We have never seen anything quite like it before. Newly re-instated billionaire, Clive Palmer, has set out to buy political influence and support by spending millions of dollars pestering voters. This in itself has the major parties concerned. But what has also got them worried is his anti-establishment message not only plugging into political disillusionment but further making it worse.
In this, the controversial Queensland businessman seems to be imitating another billionaire, Donald Trump. Trump played the outsider but he did it by hijacking one of America’s major parties, not by attempting to set up one of his own.
A Newspoll of the marginal Queensland seat of Herbert based on Townsville found that Palmer’s United Australia Party was cannibalising the other protest parties of the right. Not only was the Liberal vote down but so was Pauline Hanson’s support and that of the other colourful character, Bob Katter.
Herbert was polled because Palmer says he will run as his United Australia Party candidate in the seat. That in itself requires the hide of a rhinoceros. Three years ago, Palmer’s nickel refinery closed down throwing 800 locals out of work without their entitlements. He is now talking about re-opening the enterprise, but unless that happens before the expected May election, no saturation of the radio and TV airwaves will easily restore his reputation there.
But it is clear Palmer’s ambitions go beyond Queensland. Analysis for The Australian by the media and marketing consultancy Ebquity has found Palmer has spent $3.49 million on advertising on radio and TV in the major capitals alone and that’s just in the first three weeks of January. The amount skyrockets to $7 million since September. Then there are the billboards around the nation and a phone texting campaign reaching millions of voters whether they like it or not.
Labor’s Bill Shorten describes Palmer as “Australia’s number one digital serial pest”. He says he will take him seriously when he pays workers the $70 million he owes them and when he pays back taxpayers, who, through the government, stepped in to fulfil the obligations to his sacked workers he would not.
Veteran media analyst Peter Cox says there’s no doubt the blitz gives Palmer “reach and frequency” but it also “produces resentment”. This is a worry for the major parties.

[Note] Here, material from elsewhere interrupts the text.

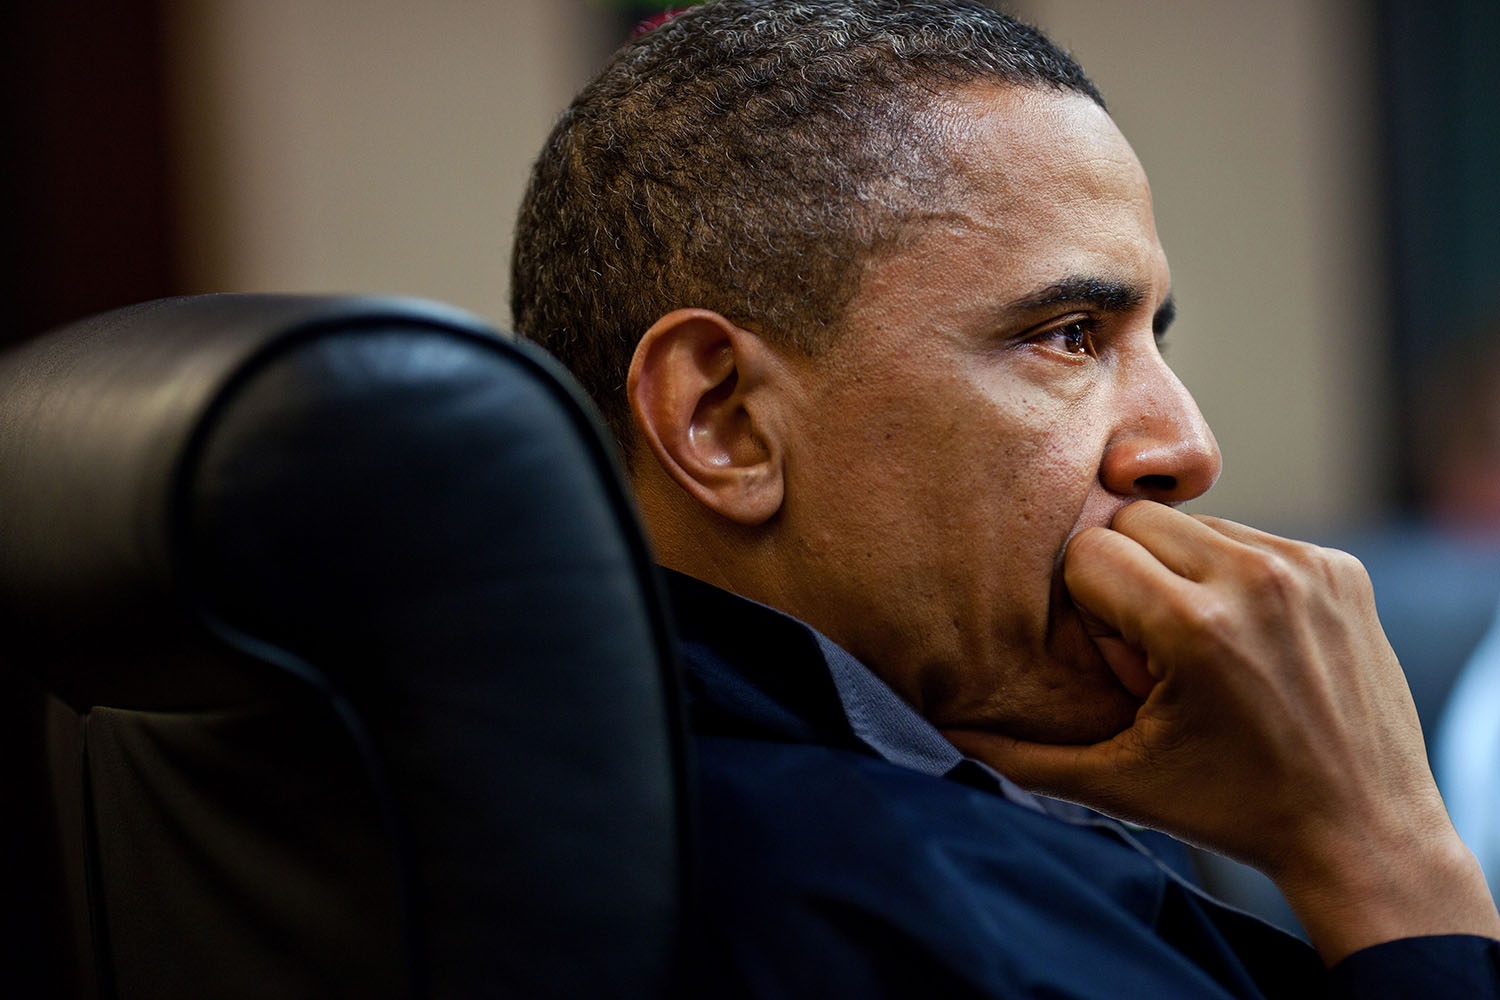 Pete Souza/Obama White House/Flickr

A senior Liberal strategist says Palmer is debasing the currency so much so, it will turn off people taking any notice of anyone’s ads when the big players crank up their spend closer to the poll.
Enough voters were prepared to lodge their protest vote with Palmer back in 2013 giving him senators in three states and himself a seat in parliament. He spent up big then but it was a drop in the bucket compared to now. The Coalition with its instability and leadership churn, emulating Labor in government, have kept the urge for protest alive even though the record suggests Palmer offers nothing better than snake oil.